The landscape has changed, though, and established filmmakers can now struggle to get anything made for more than a couple of million dollars, especially drama which is being consigned more and more to the small screen. "I was once offered $12m (€10.5m) to make Sheriff Street and I didn't take it," Sheridan admits. "Now, I doubt if I could get five."

For Sheridan's young protege, writing has commenced on a project that will span the region of his origin and that of his new home, telling the remarkable true story of how one man walked out of the siege of Sarajevo determined to get to the final of the 1993 Eurovision in Millstreet, Cork, while supporters back home scrambled to establish a signal through the bombing to cast an official vote for Bosnia and Herzegovina. "When that war ended in Bosnia, it came to my city, Kosovo. It was a really bitter war, they hated each other. But this is a feelgood story, it's music more than war."

"Bono got them a lot of equipment," Sheridan comes in, "satellite equipment, hardware, which enabled Sarajevo to meet the technical requirements to enter Eurovision."

The conversation returns to this theme of entertaining stories about serious matters.
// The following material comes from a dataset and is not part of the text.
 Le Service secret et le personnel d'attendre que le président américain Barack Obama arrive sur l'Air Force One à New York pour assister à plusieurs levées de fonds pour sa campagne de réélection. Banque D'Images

Sheridan concludes that the main trait of any artist is to have the courage to see the truth.

"Movies are surreal things, they're hard to explain," he winces. "It's like the Magdalene laundries - everybody knew something was wrong but nobody could quite put their finger on it or quite remember having seen it. It's there in front of you, but unless you have courage you won't see it."

'Cellar Door' is in selected cinemas from Friday.